Il est né d'une peine affreuse. D'un deuil insurmontable. Il est né d'une mère que la mort de son enfant avait anéanti. La luciole d'icelui, au contact du désespoir de sa mère, s'était ratatinée en monstre, qui ne pouvait ni ne voulait plus partir. Il absorbait depuis lors les lucioles des enfants et s'en nourrissait. Il entendait le désespoir des mères comme un appel et ingérait les défunts, les empêchant de poursuivre leur chemin.
Le monstre gris, le chagrin des mères...
Les lucioles liées par le Talisman en une seule volonté et en une seule force, fouillent dans les décombres de l'âme d'un monstre de chagrin. Elles trouvent l'origine cachée au fond de son cœur de cendre.
Il faut libérer le vieil enfant du maléfice et l'inciter à poursuivre son chemin. Il doit renoncer à la terre, à la peine de sa mère et trouver la paix…
La bataille est rude, le chagrin profond, il faut toute la volonté de vivre d'un petit garçon, et toute la détermination des êtres bleus qui veulent partir. Le cœur de cendre est pressé, traversé, agité par la volonté bienveillante des lucioles.
Maintenant que le monstre est dévoilé personne n'a plus peur.
Le corps improbable de l'homme gris se délite. Il libère peu à peu et de plus en plus vite, une cohorte de lucioles. Toutes celles qu'il avait capturées et perverties Un nuage d'une densité incroyable s'échappe, jusqu'à laisser sur le sol un agrégat gris éteint, une souffrance comme une pierre, comme un cœur de cendre.

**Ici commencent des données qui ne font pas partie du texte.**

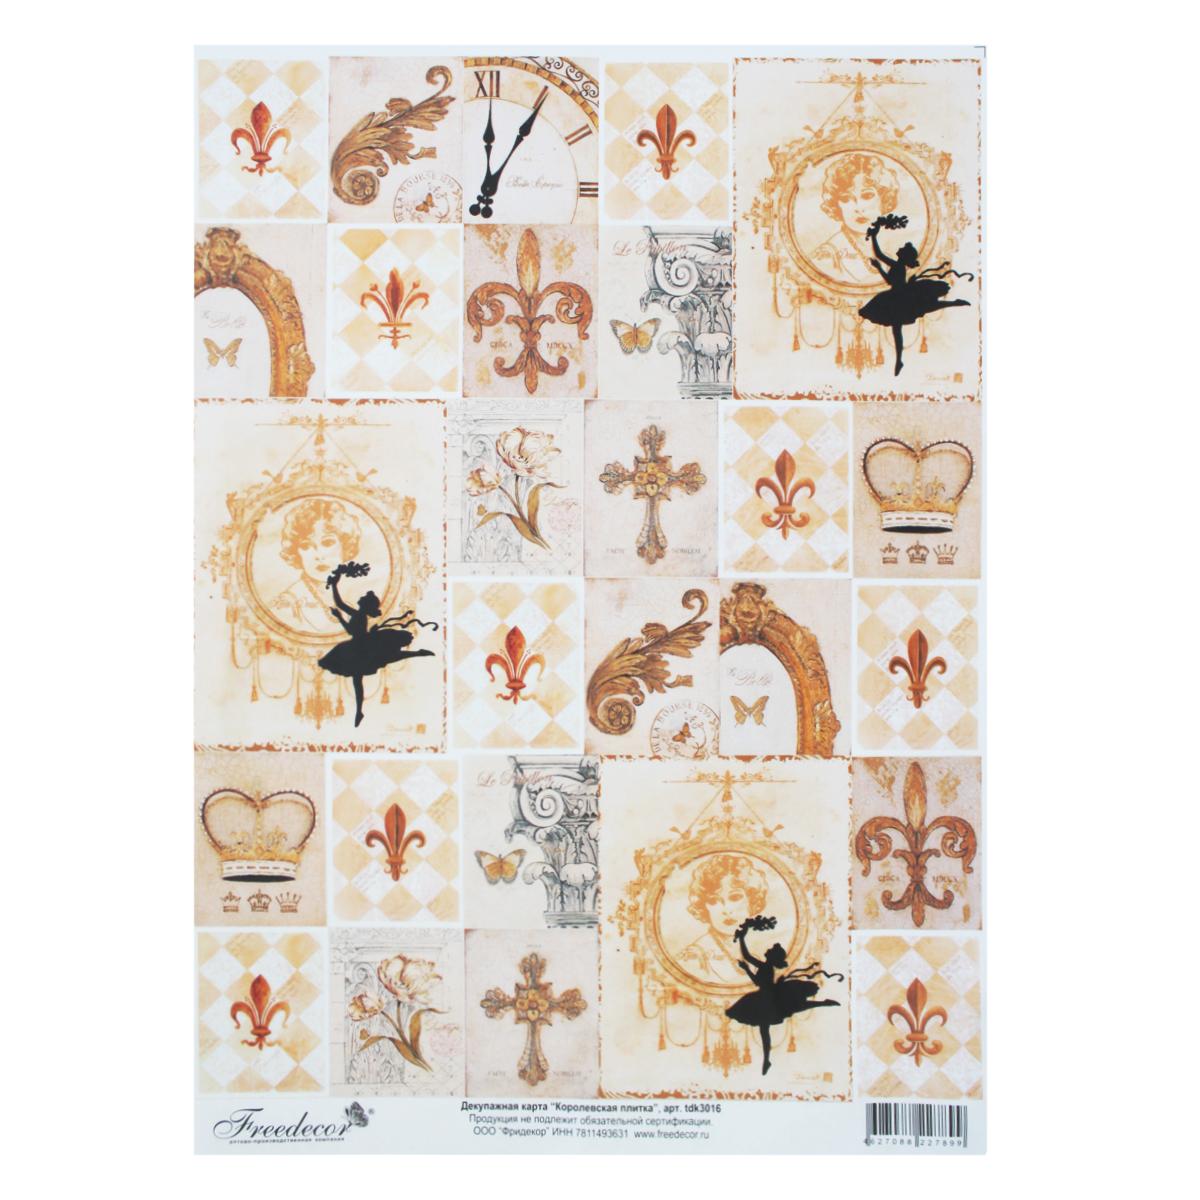 Декупажная карта Freedecor Королевская плитка, А4, 40 гр./м.кв. Dk 3016697136_3016КоролевскаяплиткаДекупажные карты Фридекор отличаются оригинальными, стильными дизайнами и прекрасным качеством. Печать декупажных карт происходит на бумаге плотностью 80 гр/м2.

Une joie frénétique agite la masse bleue qui redevient multiple et quitte le corps du Talisman. Jacques retrouve son unité, soulagé, épuisé, la gorge douloureuse. À ses pieds une pierre noire roule encore, lisse en forme de sphère et enfin vide de douleur. Jacques s'en empare et autour de lui le marécage s'efface.
*
Un rayon de soleil frappe l’œil d'Éladelle. Elle sort de sa torpeur catatonique. Elle inspire profondément, et laisse le hurlement de son esprit descendre dans sa gorge. Elle ne veut pas partir, elle ne peut pas partir…. Jacques… Jacques…
Comme si l'incantation était magique. Il est soudain près d'elle. Alors elle cesse de respirer, de peur que l'illusion disparaisse :
« Respire ! Respire ! C'est bien, lui, il est là ! »

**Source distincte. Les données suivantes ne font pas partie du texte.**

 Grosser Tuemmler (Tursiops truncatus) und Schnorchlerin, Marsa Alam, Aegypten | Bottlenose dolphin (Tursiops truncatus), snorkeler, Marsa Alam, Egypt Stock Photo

Jacques s'agenouille à côté de sa maman les mains jointes autour d'une pierre noire. Il se faufile dans ses bras :
« C'est fini, l'homme gris n'existe plus, je suis le Talisman des lucioles, je l'ai guéri ; c'était que du chagrin, et c'est fini. »

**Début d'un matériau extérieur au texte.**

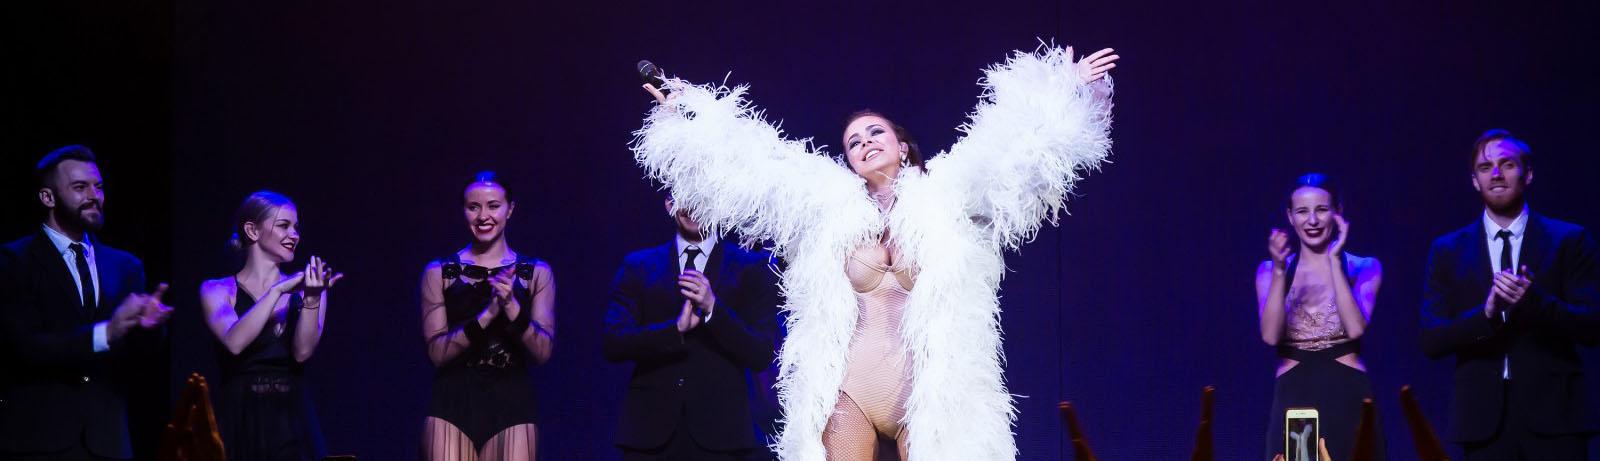 Тур шоу «DIVA» Ани Лорак в Германии.

Éladelle ne comprendra jamais plus que ce que son Jacques lui dit ce matin-là, parce qu'il a tout oublié en quelques jours, au fur et à mesure qu'il redevenait un petit garçon de cinq ans.
Le temps passant, sa maman se dit qu'ils ont subi une sorte de folie à deux dont ils sont sortis ensemble ; que finalement le psychiatre avait raison, et qu'en entrant dans son délire, elle avait sauvé son fils…
Quand elle raisonne ainsi, elle évite de penser à la pierre noire dans la chambre de son fils.